I woke up four days later from a coma and my grandmother was very upset because my mother hadn’t been there. She said that the nurses were saying that this was the worst case of neglect they had ever seen. After this close call with death, my boyfriend had a total change of heart and we were married three days after I was released from the hospital. I was 15 and he was 17 so my grandmother talked my mother into signing for me to be married and his father signed for him. I had to return to Y.D.C. for a psychological evaluation since I had tried to commit suicide. The psychologist said that my only problem was my family and I was released to live my life as I chose.

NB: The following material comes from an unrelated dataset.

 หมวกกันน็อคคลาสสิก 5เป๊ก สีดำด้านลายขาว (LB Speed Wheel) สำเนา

God was watching over me once again
After we had been together for one year I left him and ended up in Florida for two years. I lived only to party and because of the state of my mind on drugs and alcohol I often found myself in very dangerous situations. Once I injured my neck by falling out of a speeding car and another time I was raped at gunpoint. There was a witness to the rape that went at 3:00 a.m. down an abandoned dirt road to find a phone to call the police. God spared my life and the rapist was arrested…God in His mercy was watching over me once again.
A father for my son
Months later, not from the rape, I found myself pregnant. I didn’t want the biological father around me or my unborn child so I returned to Georgia to my grandmother’s and from there to a home for unwed mothers. The day my son was born was the major turning point in my life. I had always said my prayers every night since I was six years old and I now prayed every night for a good father for my son. My present husband adopted my son and was the answer to my prayers...we have now been married 27 years.

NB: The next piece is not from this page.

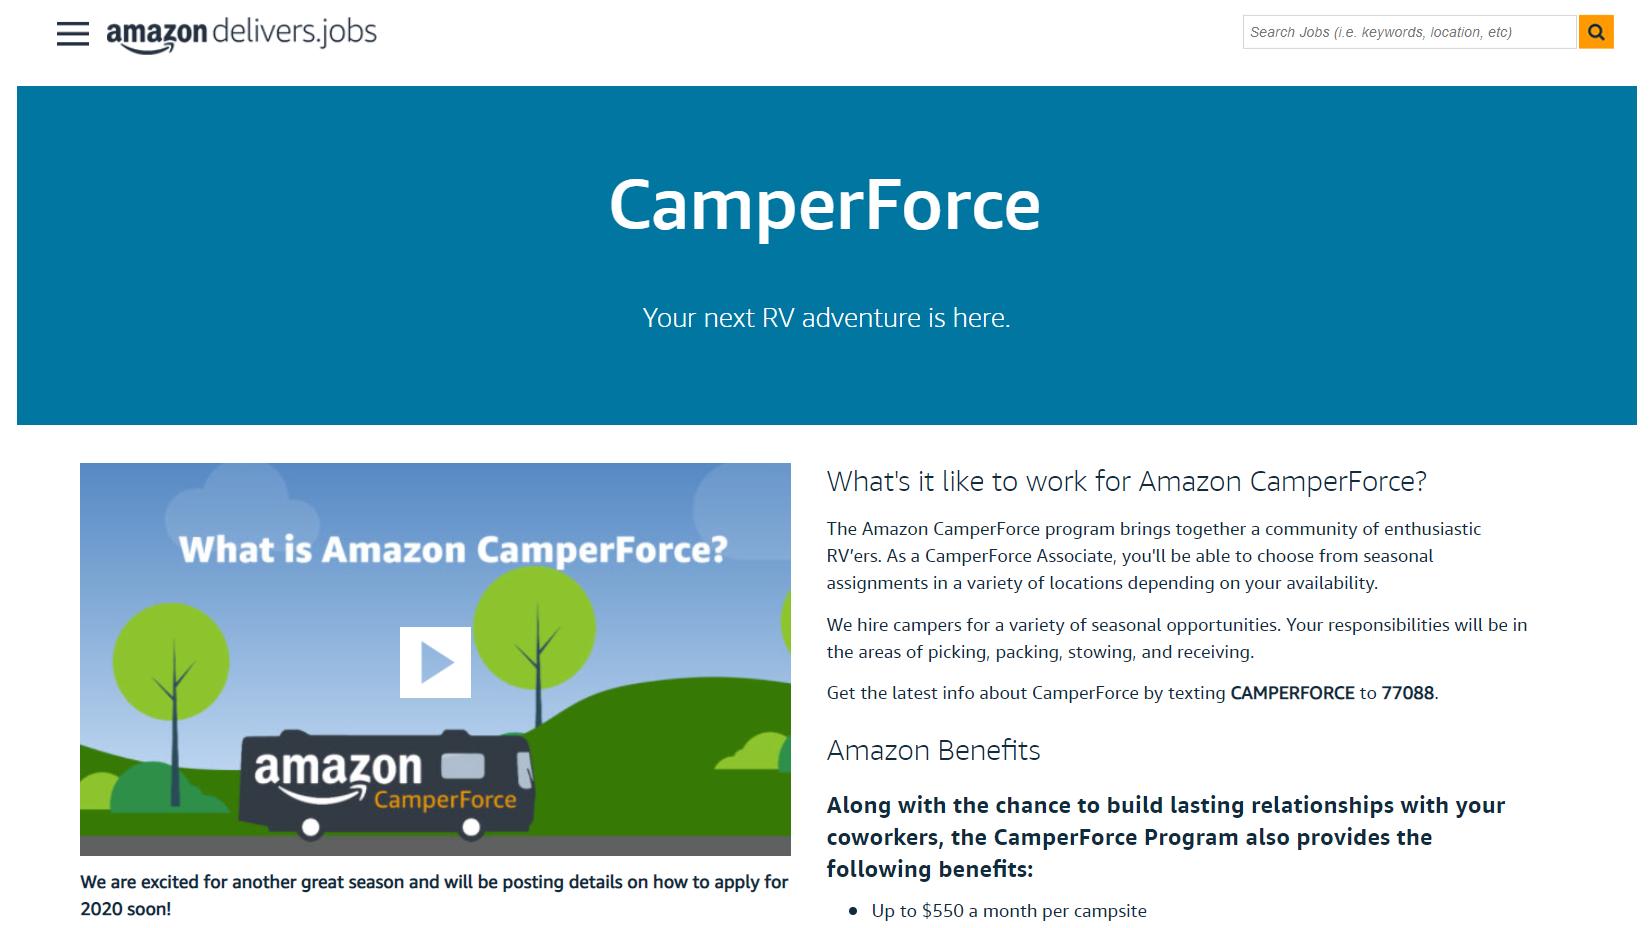 CamperForce-side-hustle

Reunited with my father after 30 years
I was finally reunited with my father by The Musser Foundation in 1991 after a 30 year separation and an 11 year search. I still remember the prayer from a 700 Club counselor as she prayed that I would not only find my earthly father, but that I would also find my Heavenly Father. My father was located only two months after her prayer. Even though I was so happy to find my father, it didn’t make my life complete the way that I thought it would. Something was still missing.
Surrender to God.. then the changes come
Throughout my lifetime I have been through all kinds of secular therapy and counseling never finding any real relief until through a series of events I was led to church and rededicated my life. I was full of bitterness and deep resentment toward all of the people that had hurt me and it had affected every area of my life. Only after I surrendered my life to God did a real change occur in me.
I was able to forgive
Although I don’t see most of my family and I believe that all abusers should be prosecuted to the fullest extent of the law; I chose to forgive them long ago. I found true healing through letting go and forgiving everyone who had ever hurt me. For such a long time I didn’t feel like I had really forgiven them so I prayed that God would let me truly feel the forgiveness...eventually I did. One day my uncle called me crying and said that he was so sorry for what he had done to me when I was a little girl.

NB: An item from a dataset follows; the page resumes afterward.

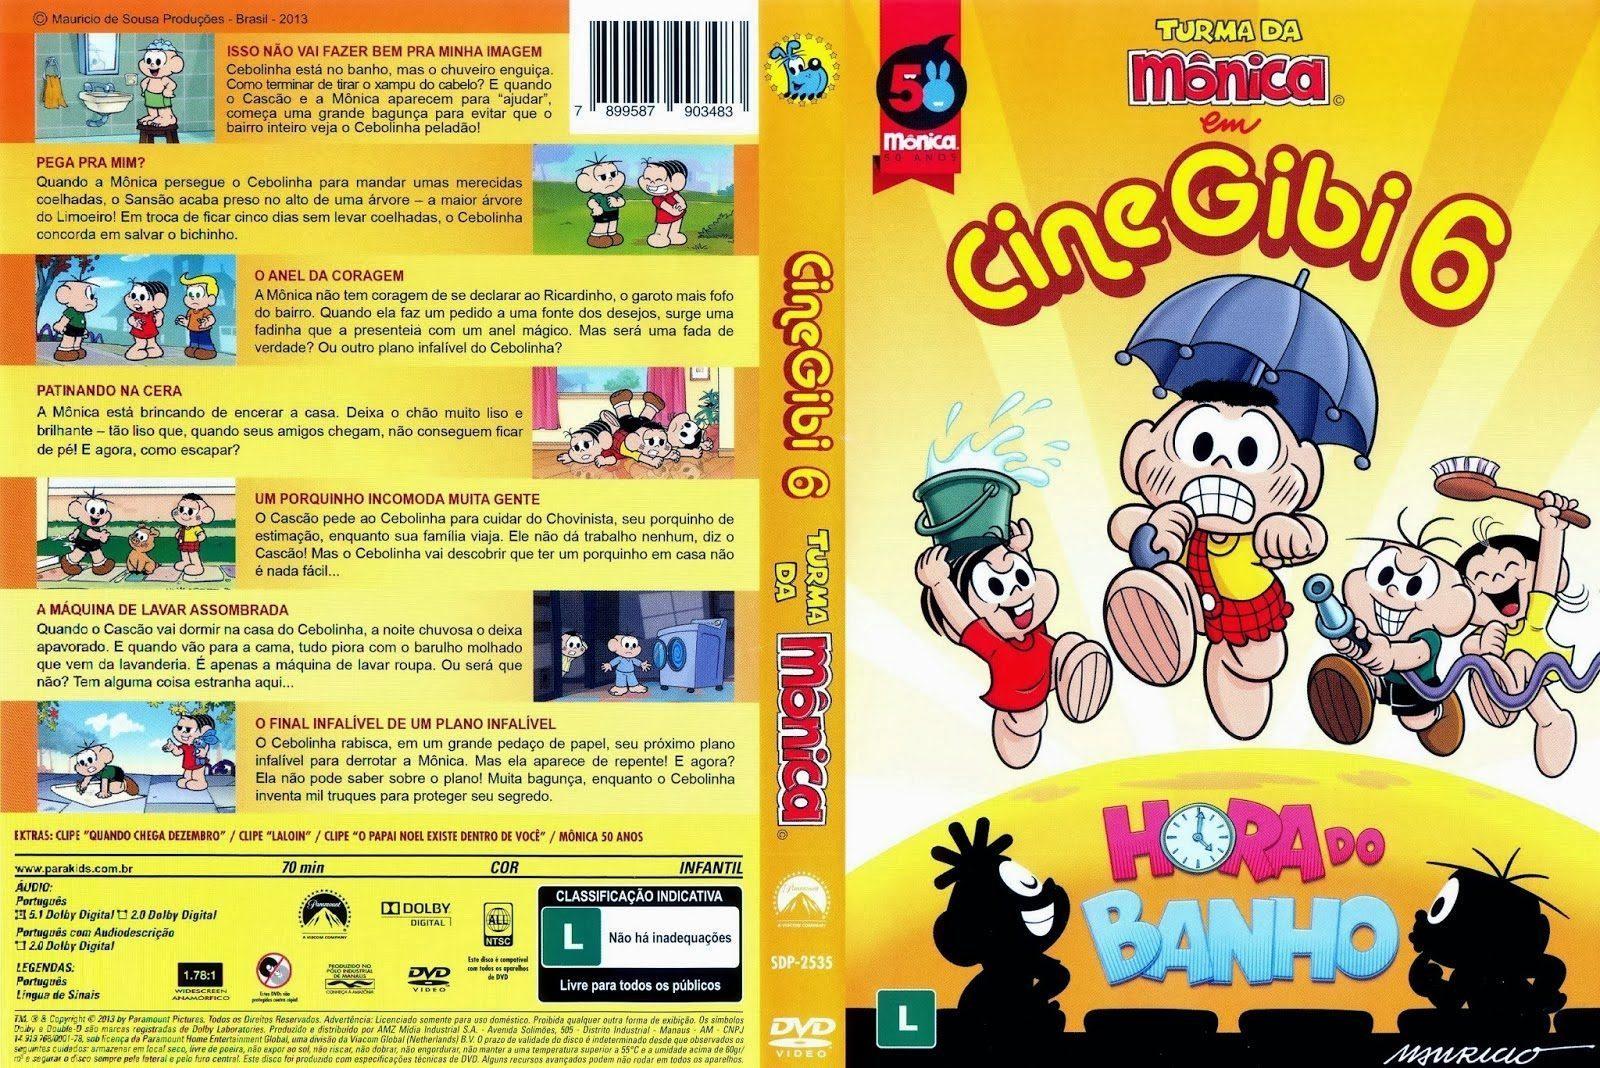 cinegibi6-horadobanho-7663285-1263188-6023150-5644252

Finding my Heavenly Father
As I told him that I had already forgiven him years before; I really meant it and I really felt it. Only God can change hearts this way...I’m living proof. I am now the founder of Faith Travels, a testimony ministry and I know that our past does not have to determine our future. My greatest desire in life is to let others know that they can also rise above any situation and that there is only true hope, true healing and true forgiveness through Jesus Christ. I now know that the most important thing in life for anyone is to find their Heavenly Father and to read His words written in red. My search is over…my Heavenly Father was what I was searching for all along.